No doubt they had been hailing, but the noise of the paddles stopped any one from hearing, while the coming evening prevented any one from seeing them till they were close on to us, and the little boat gliding along the ship’s side in company with the ice.

The boatman seemed to have lost his nerve, or else he would have tried to hook on with a hitcher; but he stood quite still, and as we all looked, one of the men who had been keeping off the ice made a dash at the boat with his hook, but missed her; and the next instant there was a loud shriek and a crash, and the little boat and the two men were out of sight under the great paddle-wheel of the steamer.

I dashed to the skylight, and shouted “Stop her!” to my mate, and the paddle-wheels ceased going round; when I followed all on deck to the side abaft the paddle-box, and in the dim light I could just see the swamped boat come up and pass astarn of us, floating amongst the ice.

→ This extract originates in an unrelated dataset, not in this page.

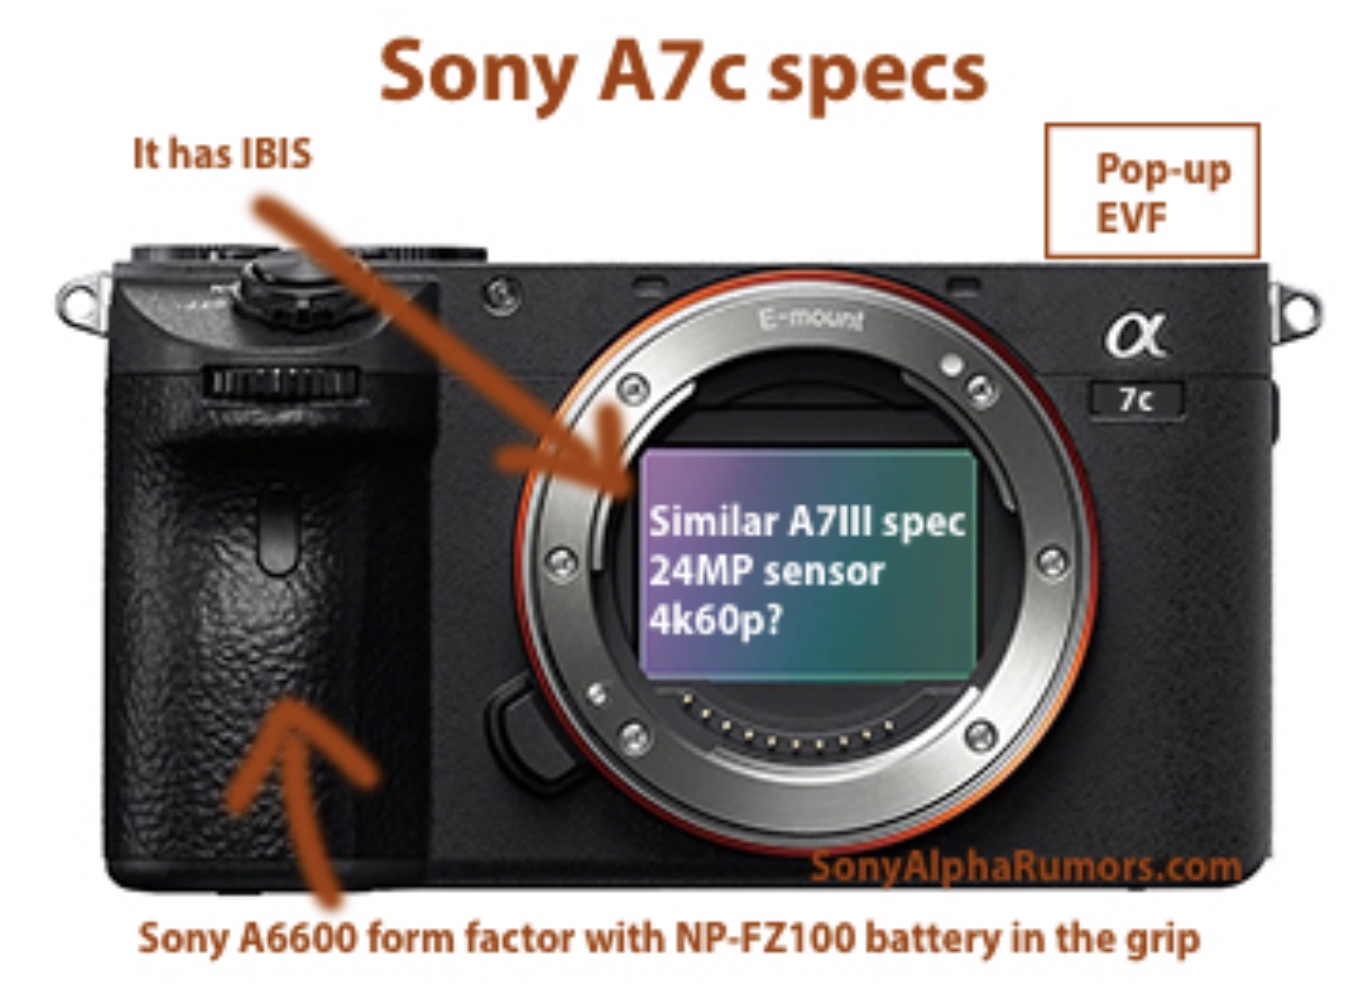 ソニーの新フルサイズミラーレスはα7C？ポップアップEVFで超コンパクトなカメラになる！？（SAR） | Dmaniax.com

“Here, get out a boat!” cried the captain, and directly after four of us were rowing about amongst the ice, trying to find the two poor fellows who had been beaten down. Now we tried one way, and now another, and always with the great thick sheets of ice grinding against us, and forcing the boat about; while I could not help thinking what a poor chance the best of swimmers would have had in the icy water, amongst the sharp, ragged-edged floes that were sweeping by.

It had got to be almost dark now, and the steamer lay some distance off, so that we could only see her by the lights hung out; when just as we had made up our minds that nothing more could be done, and were turning the boat’s head, there came a hail from the steamer for us to return.

And that returning was not an easy job in the darkness, with the ice making the little boat shiver at every stroke of the oars, for it seemed to grow thicker and heavier all round us, so that we had to row carefully to keep from being overset. Till I saw it, I could hardly believe in such huge lumps of ice being anywhere out of the Polar seas; for here in England one would not expect to see pieces of ice lying stranded on the shore—pieces eight or ten feet high. But there, in the Humber, in a severe winter, a great quantity of sheet ice comes down with the tide, and being washed one piece over the other, they mount up and up, and freeze together till they get quite a height, while I have often seen small schooners and billy-boys froze in, and even raised right out of the water, so that they stood on a little hill of ice, which supported the middle, while you could walk under the keel of the fore part.

After a good deal of pushing and warding off blows, we got aside the steamer at last, when the captain shouted to us to row all along, for he thought once he had heard some one shout for help. So we put her gently alongside, round the paddle-box, and were going forward a bit, when I heard a shout close by me as made my blood turn cold.

But I was myself again next moment, and I got hold of a boat-hook and hitched on alongside.

“Throw us a rope,” I says; and they let down the tackle, when we hooked on, and directly after they had us hauled up to the davits, when I jumped on deck.

“Lend a hand here with a lanthorn,” I says, running up to the paddle-box.